No artigo 56º do
Código de Processo nos Tribunais Administrativos é referido que quem tenha
aceitado, quer expressa quer tacitamente, um ato administrativo não o pode
impugnar, depois deste ter sido praticado.
Analisando este
artigo e a sua integração sistemática, vemos que esta matéria (da aceitação do
ato administrativo) está integrada na subsecção II do Código, na qual é
regulado o pressuposto processual da legitimidade. Torna-se então necessário
questionarmo-nos: será que, ao aceitar expressamente ou através da “prática
espontânea e sem reserva, de facto incompatível com a vontade de impugnar”, o
destinatário do ato deixa de ter legitimidade para impugnar esse mesmo ato?
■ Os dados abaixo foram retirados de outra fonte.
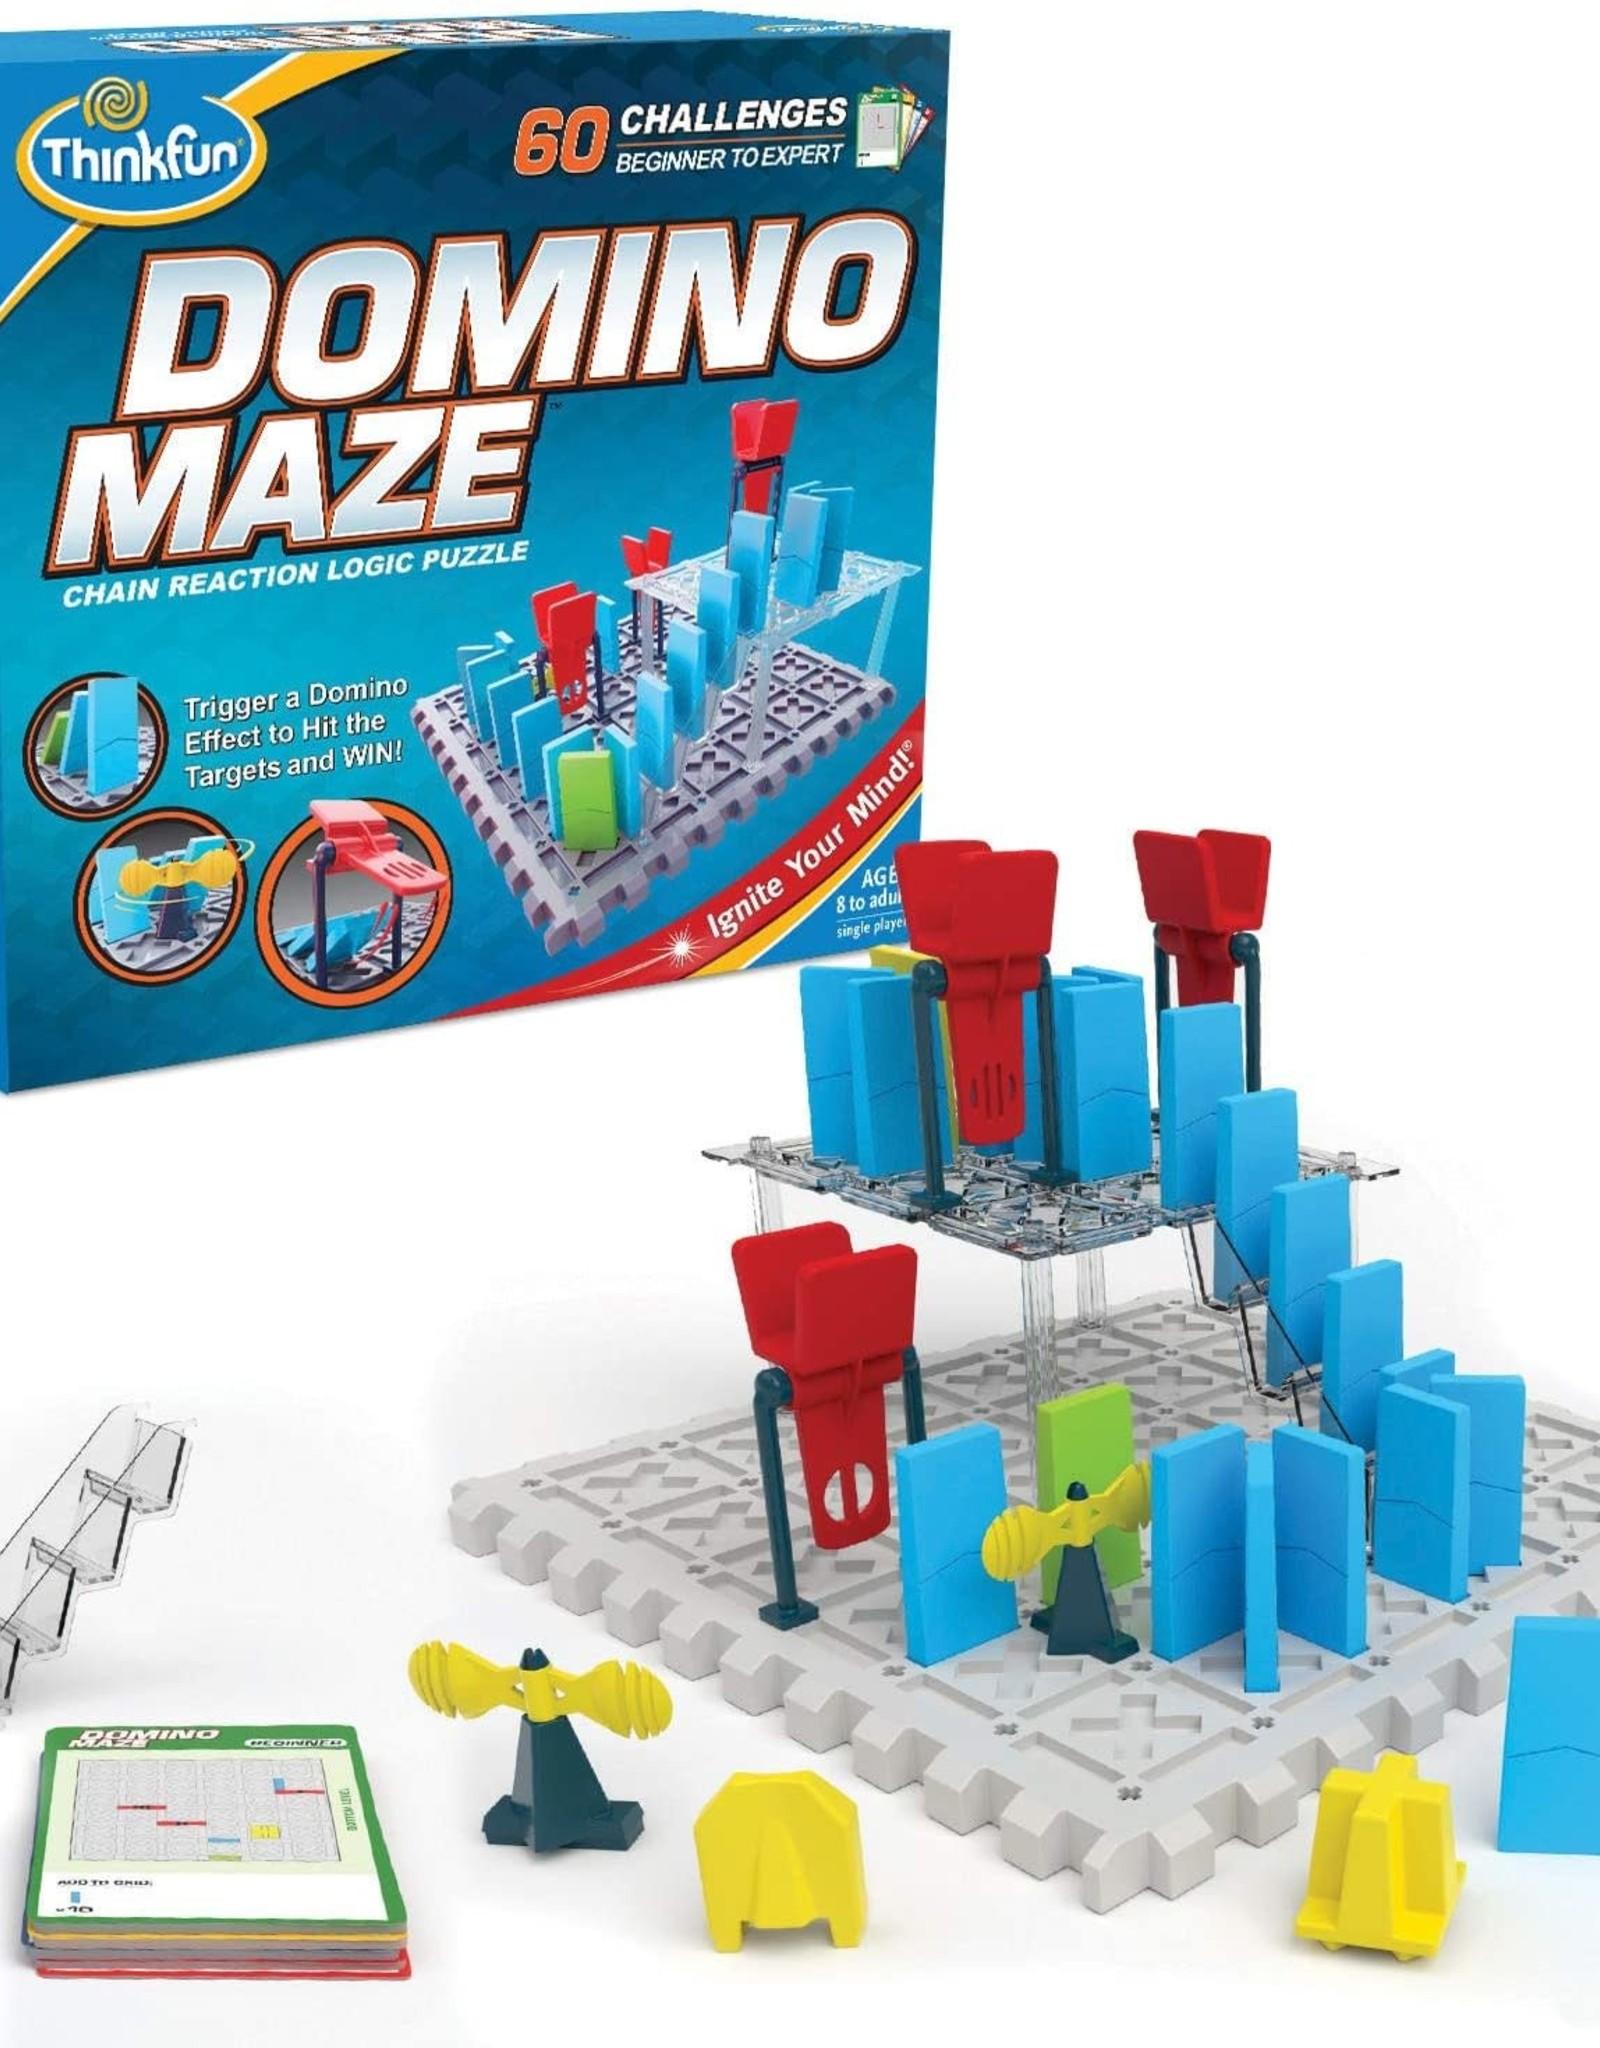 ThinkFun Domino Maze Game

Será consequência direta da conformação, expressa ou tácita, do destinatário do
ato com o mesmo a “perda”, por assim dizer, da legitimidade processual? Será
que a questão da aceitação deveria estar regulada nesta subsecção, relacionada
com a legitimidade processual?
Para responder a
esta questão é necessário, em primeiro lugar, averiguar qual a definição e o
sentido do termo “legitimidade” no Contencioso Administrativo, e ter em conta
as raízes históricas da questão. Para não variar, mais uma vez entram aqui,
como não poderia deixar de ser, os “traumas da infância difícil” do Contencioso
Administrativo. Pois, o entendimento do conceito de legitimidade processual
como um “interesse direto, pessoal e legítimo”, entendimento este vindo,
consequentemente, de uma negação aos particulares de direitos subjetivos
perante a Administração, ao ser materializado numa concepção da existência de
interesse como condição de legitimidade afastou imediatamente a possibilidade
de consideração do interesse em agir como pressuposto processual autónomo
sendo, portanto, por esta razão que a aceitação do ato administrativo está
regulada ao lado da legitimidade como causa da falta da mesma.
Ora,
afastando-nos das raízes históricas e da “infância traumática” do Contencioso
Administrativo, analisando-se agora a legitimidade segundo a alegação da
titularidade de direitos, é necessário requalificar ou realocar este tema da
aceitação, tendo surgido na doutrina dois entendimentos: ou colocar a questão
da aceitação no plano de um pressuposto processual perfeitamente autónomo, e
portanto num plano diferente do da legitimidade e do interesse em agir, como
sugere o Professor Vieira de Andrade; ou, como parece ao Professor Vasco
Pereira da Silva, separar, como também propõe o Professor Vieira de Andrade, o
tema da aceitação do pressuposto da legitimidade, mas, e discordando aqui os
dois Professores neste aspeto, reconduzir a questão ao interesse em agir, por
alegada inexistência de vantagens em autonomizar a aceitação como pressuposto
autónomo.
Concordando ou
não com qualquer das posições, é necessário tecer algumas considerações não
quanto à questão mais formal da integração sistemática da aceitação, mas quanto
ao efeito prático, expresso na lei, do impedimento de impugnação de um ato
administrativo uma vez aceite. É que essa proibição (que choca ainda mais
quanto à aceitação tácita), ao impedir os particulares de recorrerem ao
tribunal por terem aceitado o ato, constitui um exagero que ignora o normal
curso das questões e o normal comportamento humano, ou seja, a possibilidade de
alteração de circunstâncias, de alteração de comportamentos por virtude de
quaisquer imprevistos que possam ocorrer no decorrer das situações jurídicas.
Para além da
falta de sentido prática desta proibição, ela seria inconstitucional, por
violação do artigo 268/4 da Constituição da República Portuguesa, mais
precisamente do acesso dos particulares aos tribunais administrativos através
da impugnação de quaisquer atos que lesem os seus direitos.